Per-quantity is required to avoid “per serving” warnings, which allow manufacturers to shrink serving sizes to evade warning thresholds. Per-100 g or -100 ml is more comparable on the shelf and the global FOPL norm. Finally, warnings should be tied to added sugars so that fruit-only products aren’t penalised, and to total sugar where reformulation is common. Products using non-nutritive sweeteners to reach sugar thresholds should still carry warnings to keep manufacturers from pivoting from sugar to sweeteners in children’s products.

Health and pricing policy

If India adopts a mandatory “high in” warnings system with robust thresholds, GST can also be differentially applied to compliant and noncompliant products. This way, labels can serve as an enforceable bridge between health policy and pricing policy. Products breaching any “high in” threshold — sugar, sodium or saturated fats — shouldn’t enjoy the 5% rate even if they are staples in marketing terms. This could avoid the current mismatch between penalising sugary beverages while discounting sugary foods.

Likewise, if beverages become more expensive but confectionery becomes cheaper, consumers, especially adolescents, may substitute one sugar source for another. A threshold-linked structure can close that gap.

Role of advertisements

Food advertising also plays an important role in connecting tax cuts with changing consumer behaviour. Since 2020, FSSAI regulations have banned ads or the sale of HFSS (high in fat, sugar, salt) foods within 50m of schools. The 2022 guidelines of the Central Consumer Protection Authority restrict misleading ads and impose due diligence on endorsers. The ASCI Code, which was updated in July, also applies content rules and disclosure norms across media platforms.
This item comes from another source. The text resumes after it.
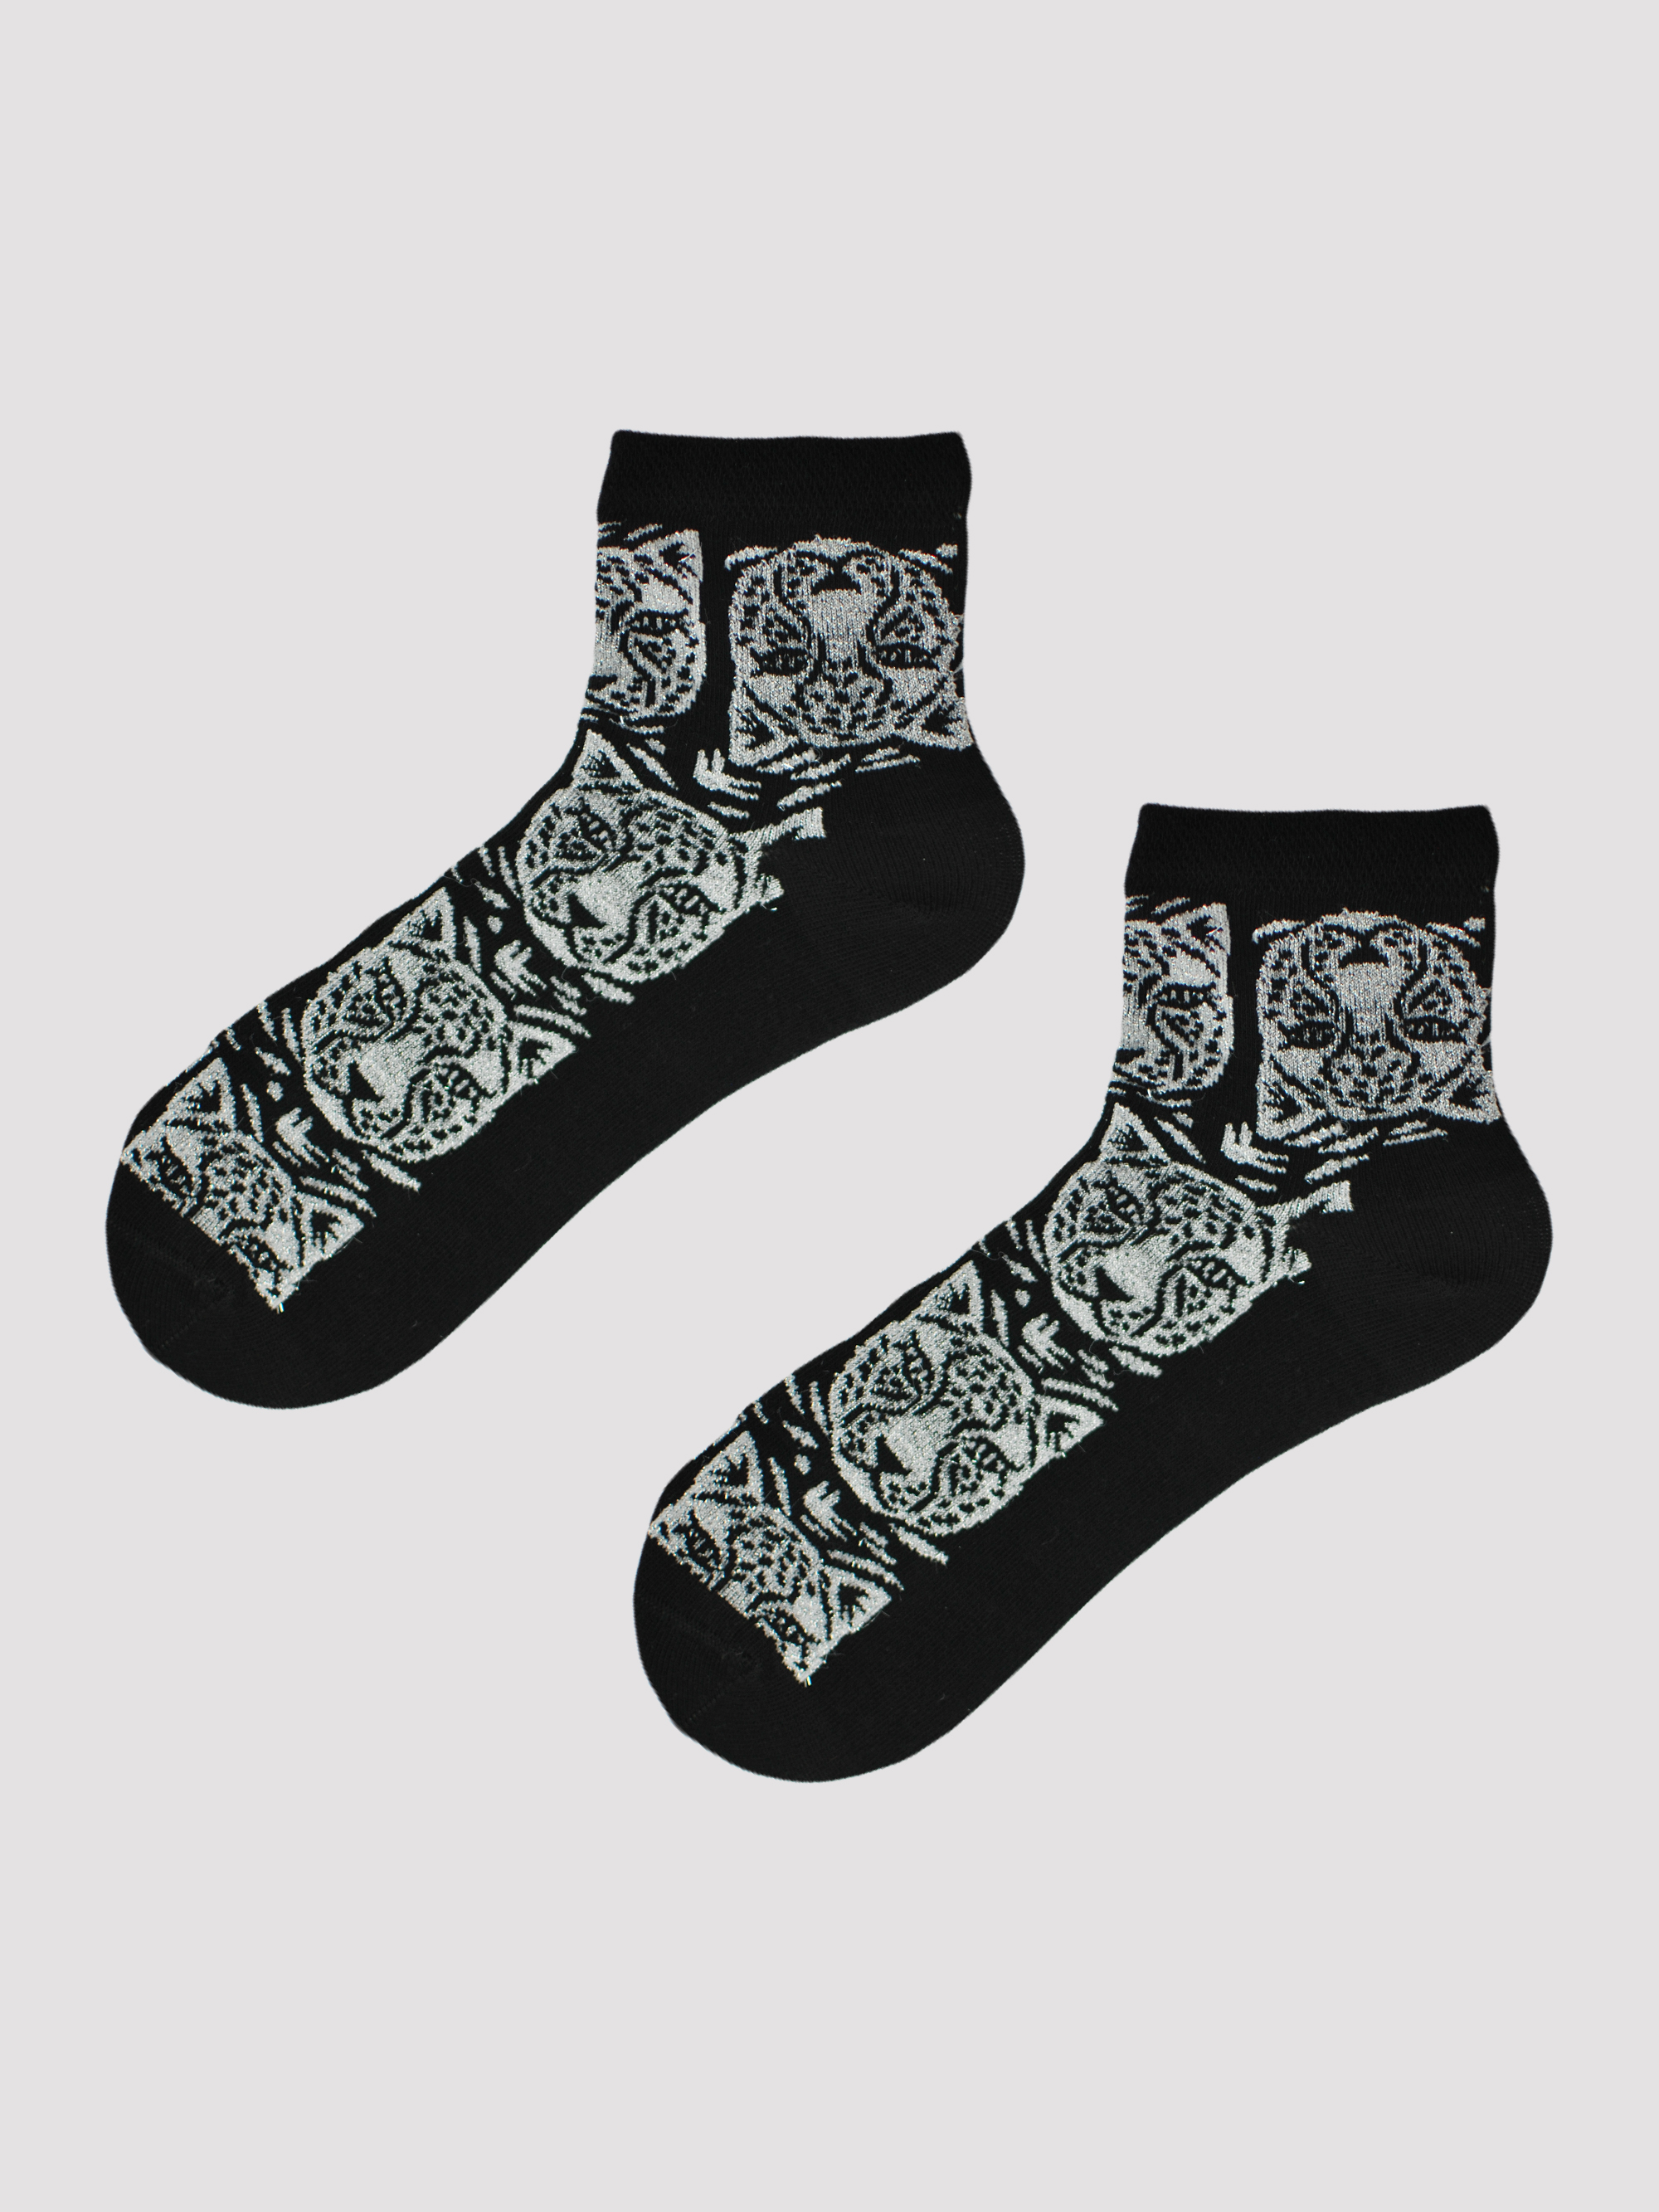 NOVITI Woman's Socks SB025-W-02

Yet India still lacks a comprehensive HFSS advertising regime with time-of-day and platform-wide restrictions and automatic linkages to FOPL. In Chile, for example, anything bearing a “high in” sign can’t be advertised to children on TV or online during specific hours. Evidence suggests that child-directed as well as time-based restrictions are more effective than narrow, programme-based limits. India should move in that direction and make ad restrictions across TV, print, and social media contingent on FOPL status.
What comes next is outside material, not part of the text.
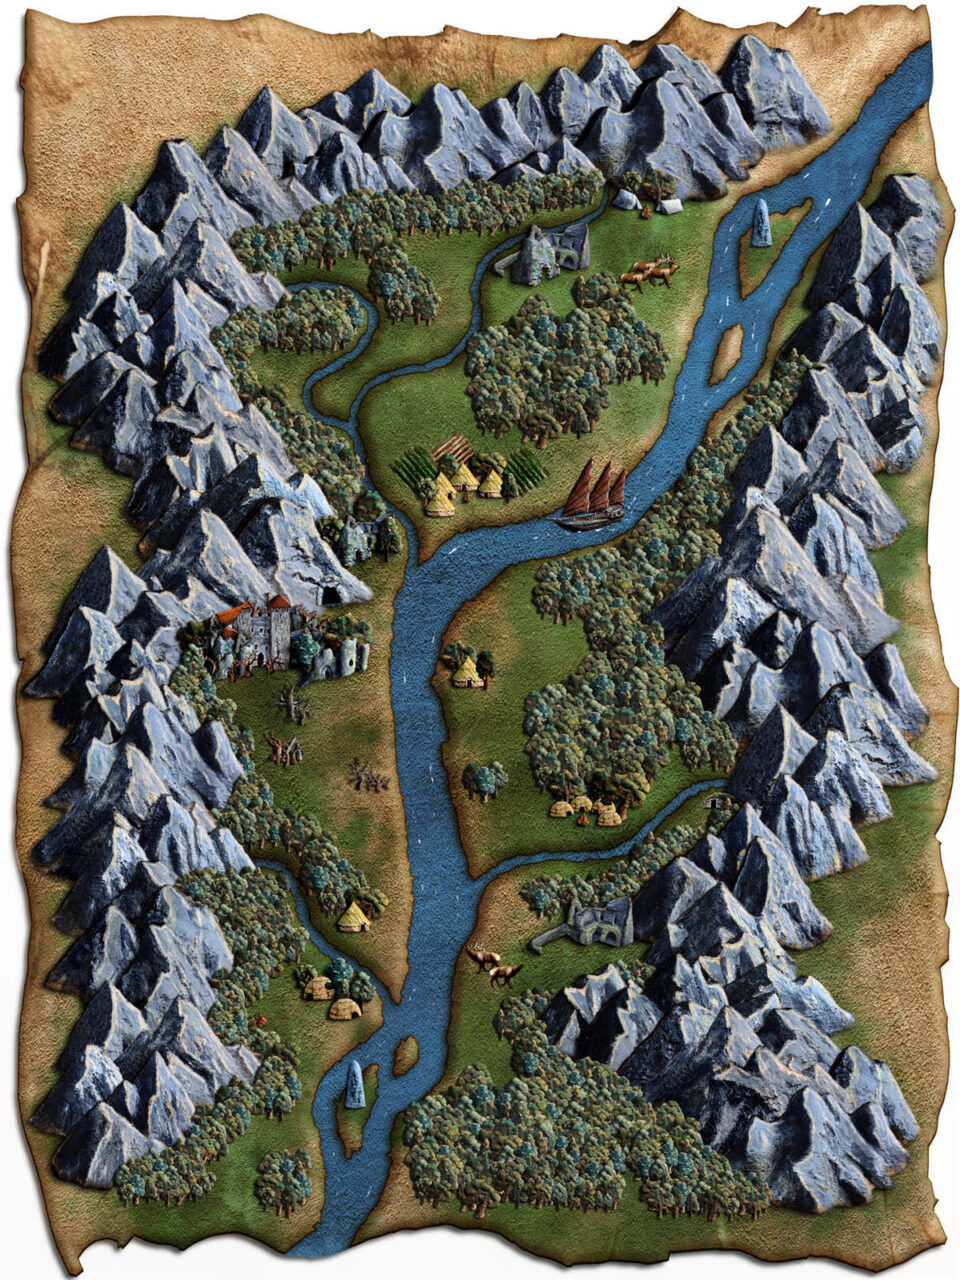 Hidden Valleys Map Digital Asset Pack River

GST 2.0 won’t improve Indians’ health by itself. Instead, the country needs mandatory FOPL warnings with category-specific, per-quantity thresholds aligned to the WHO-SEARO NPM and ICMR-NIN 2024 guidelines. Second, the GST treatment should be contingent on FOPL status: “high in” products should be taxed 18% or more while compliant products should be taxed 5% or less. Third, the rate cuts shouldn’t discount confectionery and desserts while also hiking drinks. Instead, all products crossing “high in” thresholds should face higher tax and ad limits.

Fourth, the advertising rules should go beyond school-based thinking. If a product carries any “high in” warning, it can’t be advertised to children, can’t be advertised during peak child-viewing hours, and should have restricted placement options on media platforms. Finally, the government should redirect sin-tax revenues to NCD prevention, labelling enforcement, and monitoring reformulation practices.

Robust warning labels and GST rates rationalised along public health lines will help consumers make better dietary choices at a time when the government is expanding access to many foods. Otherwise, GST 2.0 may end up adding to India’s burgeoning NCD burden.